Damn, lieu. That had to suck! Glad the kid is ok.

It did, spooje, which is the point of my post… I don’t want any of my friends here to have to go through the same experience.

That and I’d like to see Pfizer, the manufacturer, to

  • put a legible warning label on the bottle, and
  • dispense it in a childproof bottle.

If they have a problem with that then I have a problem with them.

DAMN! Thanks for the heads up. I don’t have any Visine, I’ve got the cheap WAL*MART Equate version, that I keep on my nightstand. After reading this, I looked at the bottle, and all it gives is instructions on how to use. Duh. Put in eyes. No shit? Then it says “See Carton For Warning” Excuse me, but the friggin’ carton is gone 2 seconds after I’m home. If one of mine had gotten into it, I’d not have had the direction to call poison control. SHIT. Glad to hear the little one’s gonna be OK.

I needed something to laugh about today Weedeater and your sig line just did it.

Thank you very much for the info lieu. I’d always thought it was just saline also.

My heart-in-the-throat story:

One lazy beautiful saturday afternoon, my sweet then 3yr old daughter and I were lounging on the couch watching some cartoons. The sun was shining on us, we’d had a nice lunch and I drifted off for a few minutes.

Advil looks like candy, is small, easy to swallow and is a little bit sweet. She had gotten a bottle out of my purse and proceeded to eat them. (My culpability - They were packaged in the safety-capped bottle but I hadn’t closed the top correctly the last time I used some, which made it easier for her to get into the bottle) When I awoke (after about 5-10 minutes) I noticed that her hands and face had pink stains on them and that the bottle was empty. She had ingested about 10 pills.

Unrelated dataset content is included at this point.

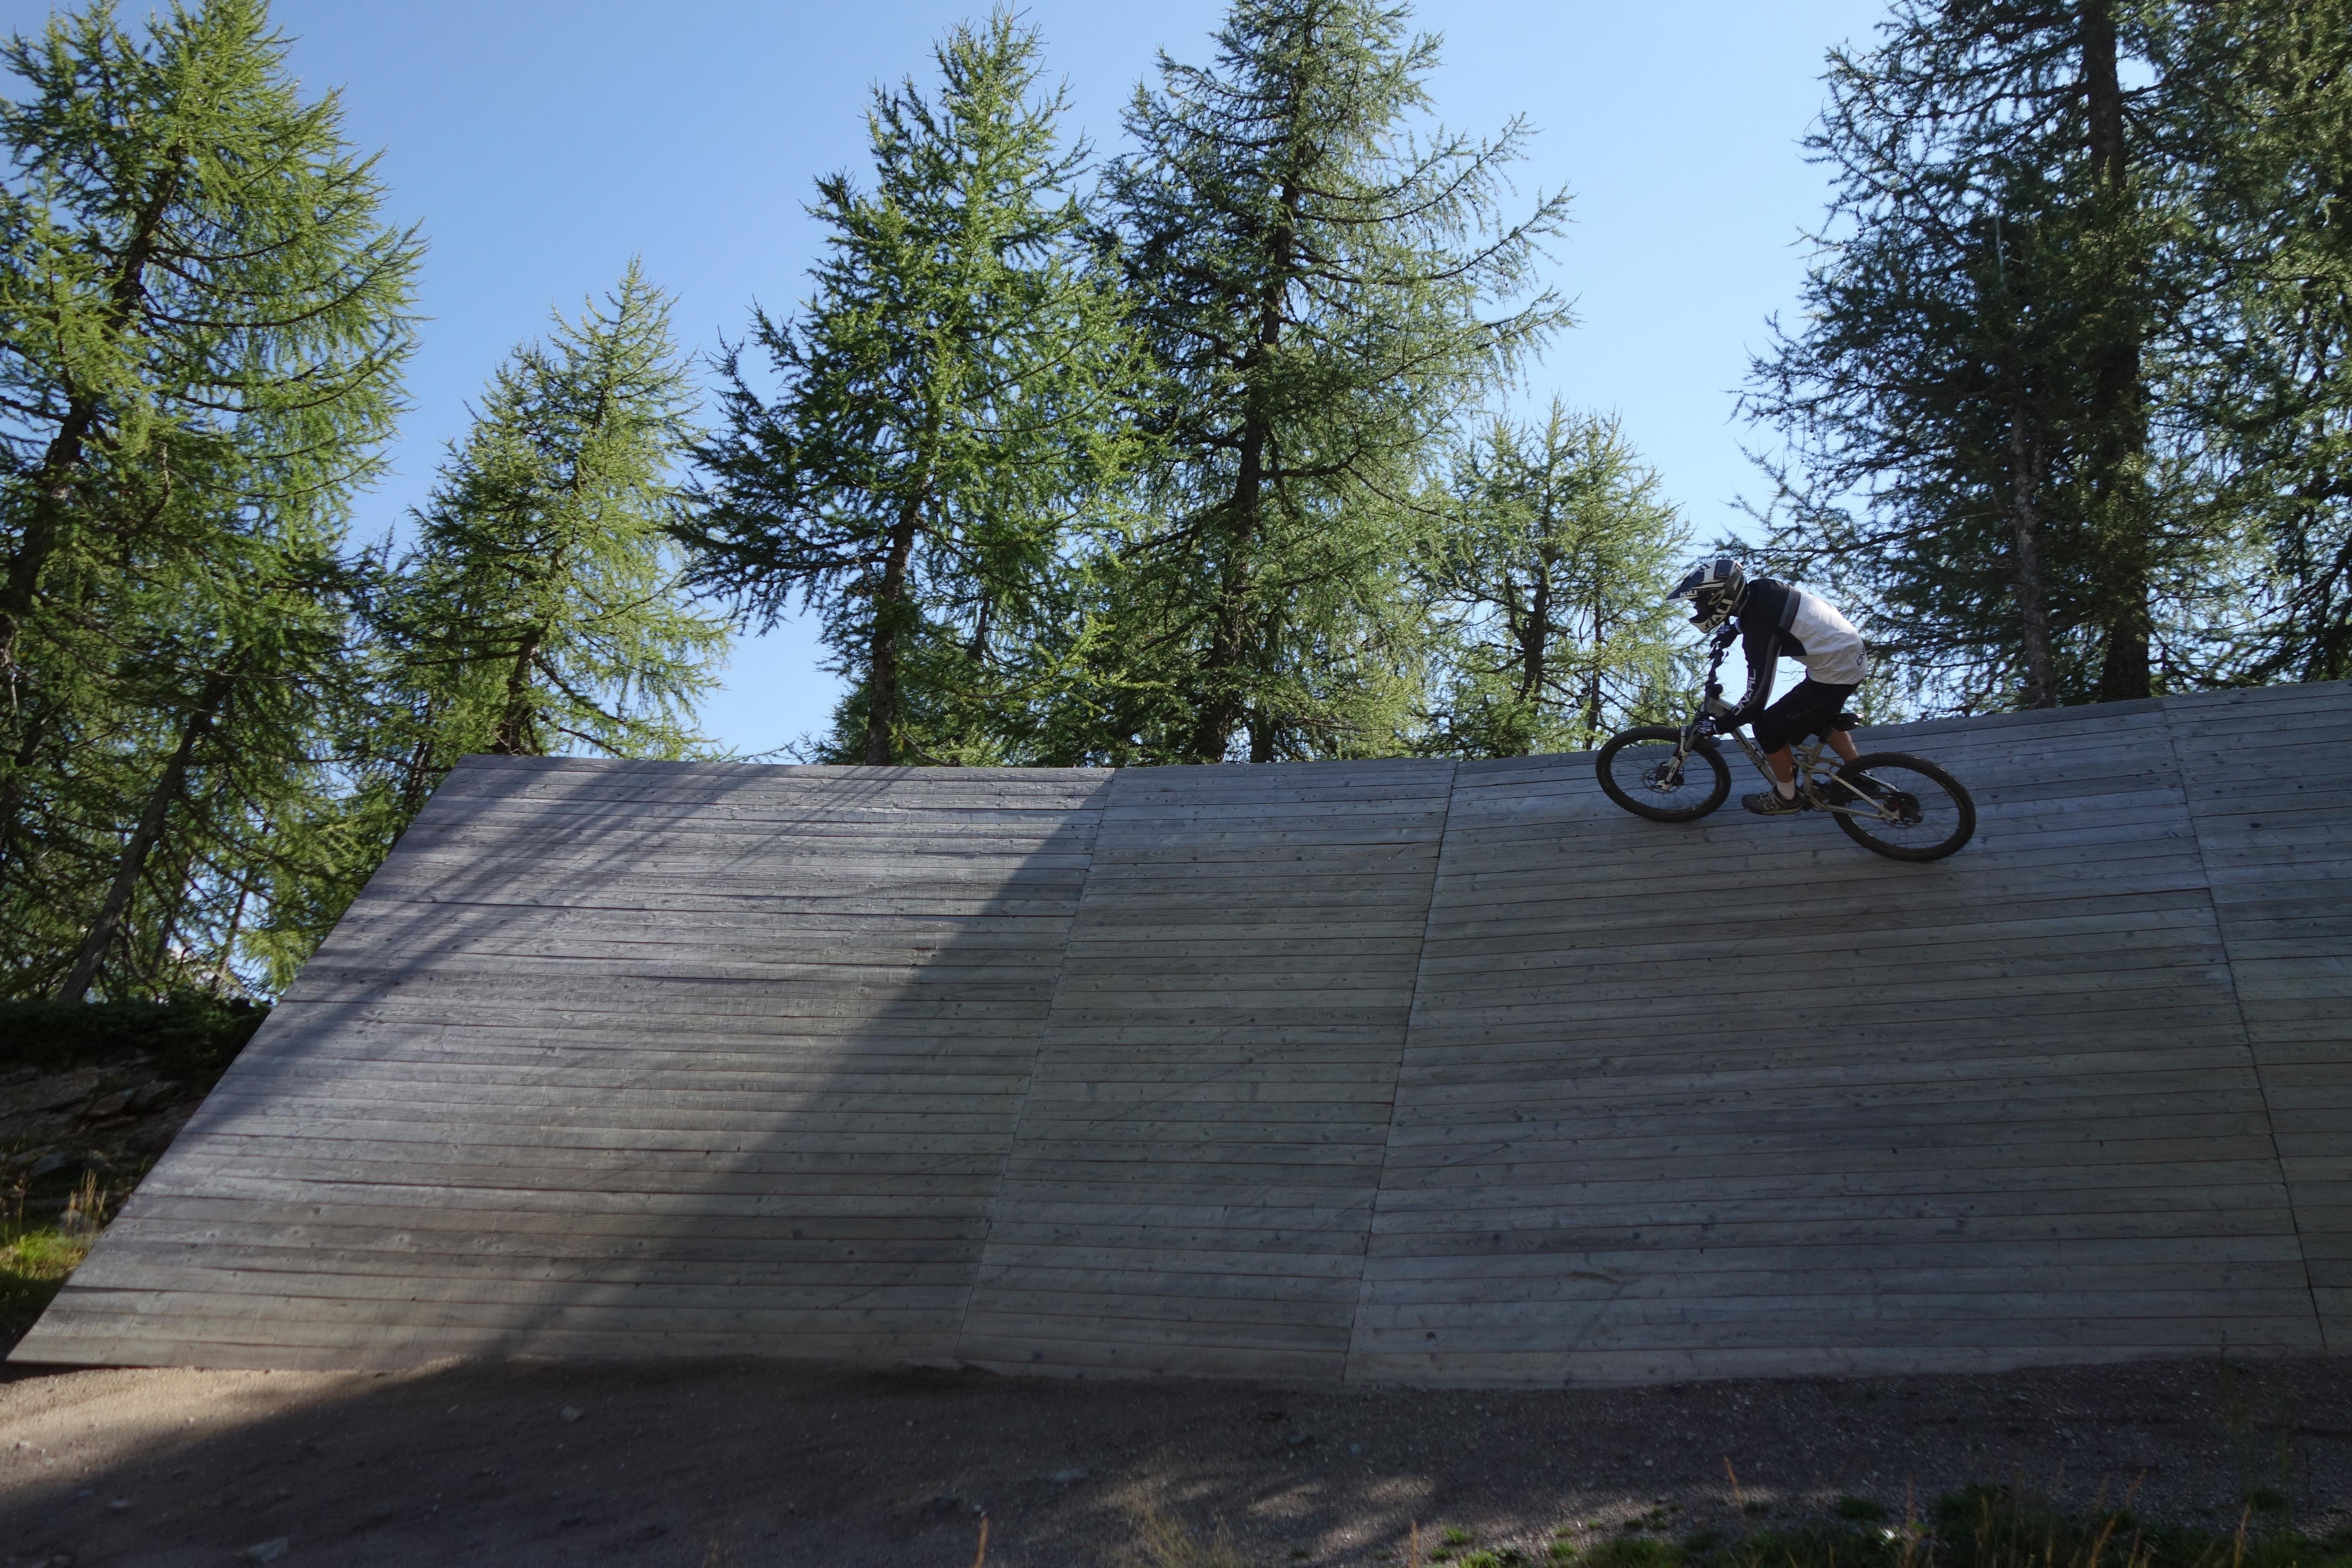 dolomiten st. martin mtb downhill freeride

I immediately called poison control and the wonderful woman there told me that since advil is non-corrosive and is generally well tolerated by the body if she vomited most of the pills up she should be okay.

I had noone to send to the store for me and did not have a car so I put her in her stroller and walked 3 blocks to the store to get some Ipecac syrup. That had to be the longest walk of my life - to and from the store. Took about half an hour tops but it seemed like an eternity. We finally got back home, I gave her the stuff, she vomitted forever and in the end was perfectly fine. (Although I must admit I kept waking her up that night to make sure she would wake up. I know, I know - paranoid am I.)

lieu, as for the breathing thing - my little girl has asthma (usually only aggravated when she’s around smoke or when she has a cold) so I know what it’s like to have a small child and not being able to sleep because you keep checking to make sure they’re still breathing. Heck, sometimes, even when I know she’s perfectly fine I feel the urge (and act on it) to make sure she’s still breathing.

Oh the joys of parenting.

The poison control people were great, wonderful, terrific, mindblowingly helpful. After the initial call I was instructed to call back at certain intervals so that they could let me know if she needed to go to the emergency room or not. At one point I was in the bathroom with the little one while at the specified call back time and damn if they didn’t call me to check and make sure 1) I was providing the treatment; 2) that I was doing it properly and 3) I was seeing the correct signs in her vomit that indicated the pills were coming up. I was very impressed and grateful that they took their jobs so seriously. So please, everyone, donate to your local poison control center - these people really save lives!